Frequently asked questions
Collection of the frequently asked questions, shoutout to Sean Andrew Buchan (Digital Research Analyst at the University of Aberdeen) for answering most of the questions
How do I check my HPC usage?
$ sreport cluster UserUtilizationByAccount users=r04mr23 start=2000-01-01 format=Accounts%20,Cluster%16,Login,Used
--------------------------------------------------------------------------------
Cluster/User/Account Utilization 2000-01-01T00:00:00 - 2024-06-22T23:59:59 (772412400 secs)
Usage reported in CPU Minutes
--------------------------------------------------------------------------------
Account Cluster Login Used
-------------------- ---------------- --------- --------
mmsn maxwell_cluster r04mr23 281760
Change the r04mr23 with your Maxwell username, it's in minutes, so you have to divide it by 60.

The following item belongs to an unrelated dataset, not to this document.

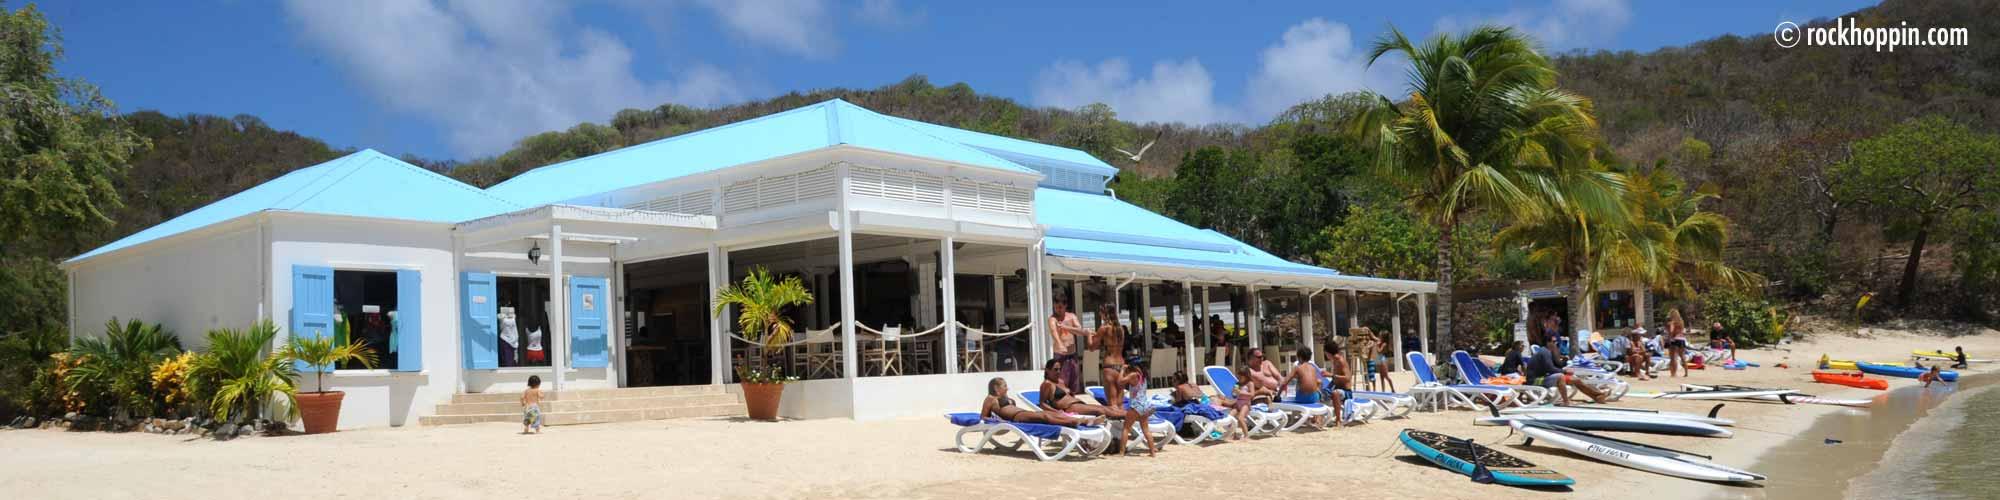 Pirates Bight Bar on Norman Island, BVI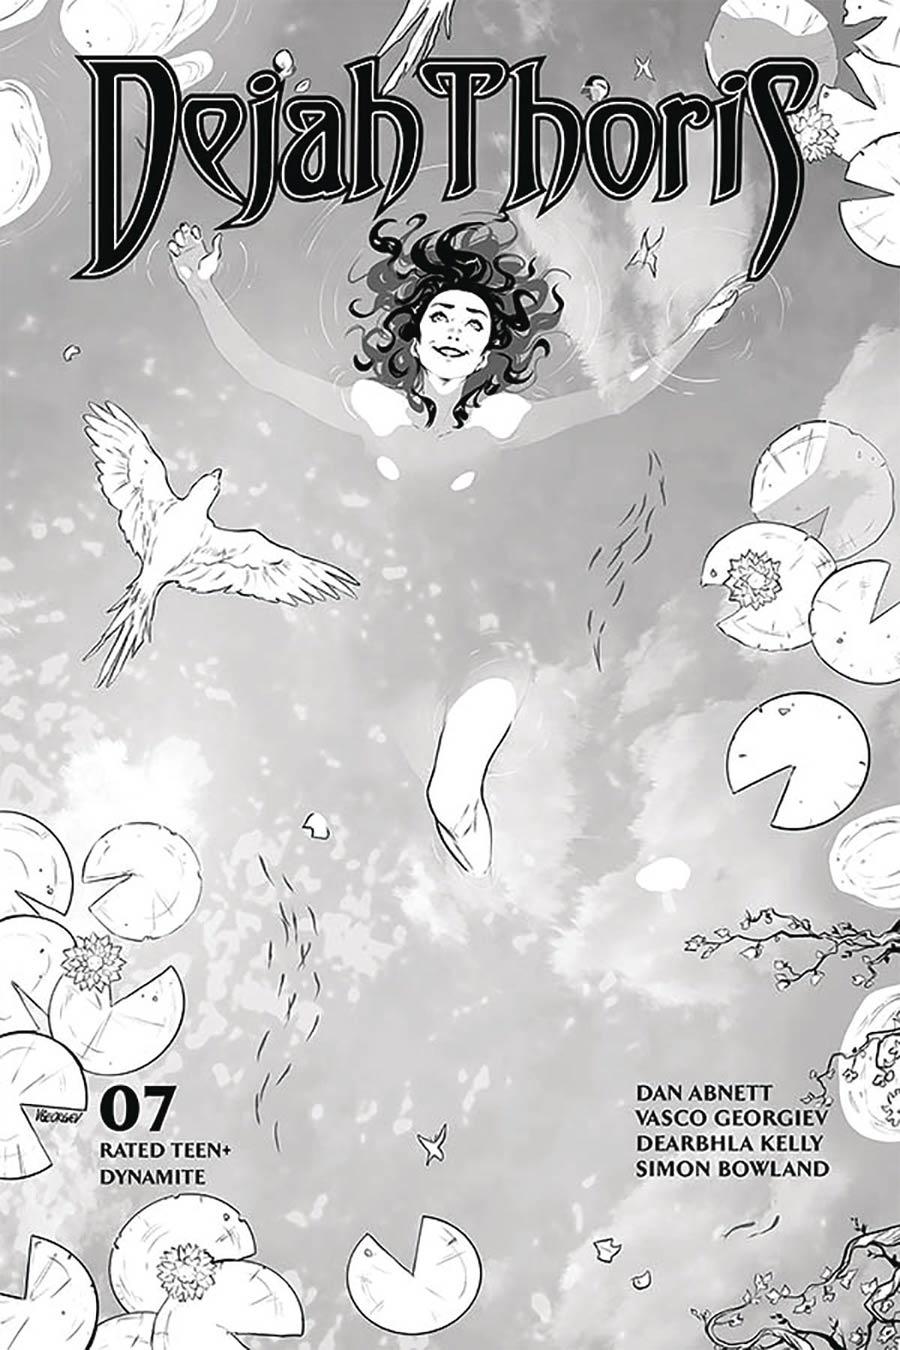 Dejah Thoris Vol 3 #7 Cover N Incentive Vasco Georgiev Black & White Cover

I set my #SBATCH --time correctly but my job is being stopped mid way?
The reason might be because you didn't set the partition in the first place and your job being assigned to spot-compute which can only be used for running short job no longer than 36 hours.Add the #SBATCH --partition uoa-compute to run job that is longer than 36 hours
How do I check how much storage have I used? du -sh seems to take forever
Chek home (/uoa/home/r04mr23) directory usage
$ beegfs-ctl --getquota --cfgFile=/etc/beegfs/beegfs-client-uoa-home.conf --uid r04mr23
Quota information for storage pool Default (ID: 1):
user/group || size || chunk files
name | id || used | hard || used | hard
--------------|------||------------|------------||---------|---------
r04mr23|193544|| 14.19 GiB| 56.00 GiB|| 75776| 200000
Check sharedscratch directory (/uoa/home/r04mr23/sharedscratch) usage
$ beegfs-ctl --getquota --cfgFile=/etc/beegfs/beegfs-client-uoa-scratch.conf --uid r04mr23
user/group || size || chunk files
name | id || used | hard || used | hard
--------------|------||------------|------------||---------|---------
r04mr23|193544|| 2.52 TiB| 1024.00 GiB|| 1002345| 1000000
Again change r04mr23 with your Maxwell username, size used is your usage, size hard is the non-official storage limit, try to keep it below hard as suggested by the Maxwell team. chunk files is the file number limit.
How do I check how long did it take for my slurm job to finish?
sacct --format=JobID,JobName,State,Elapsed -j <JOB_ID>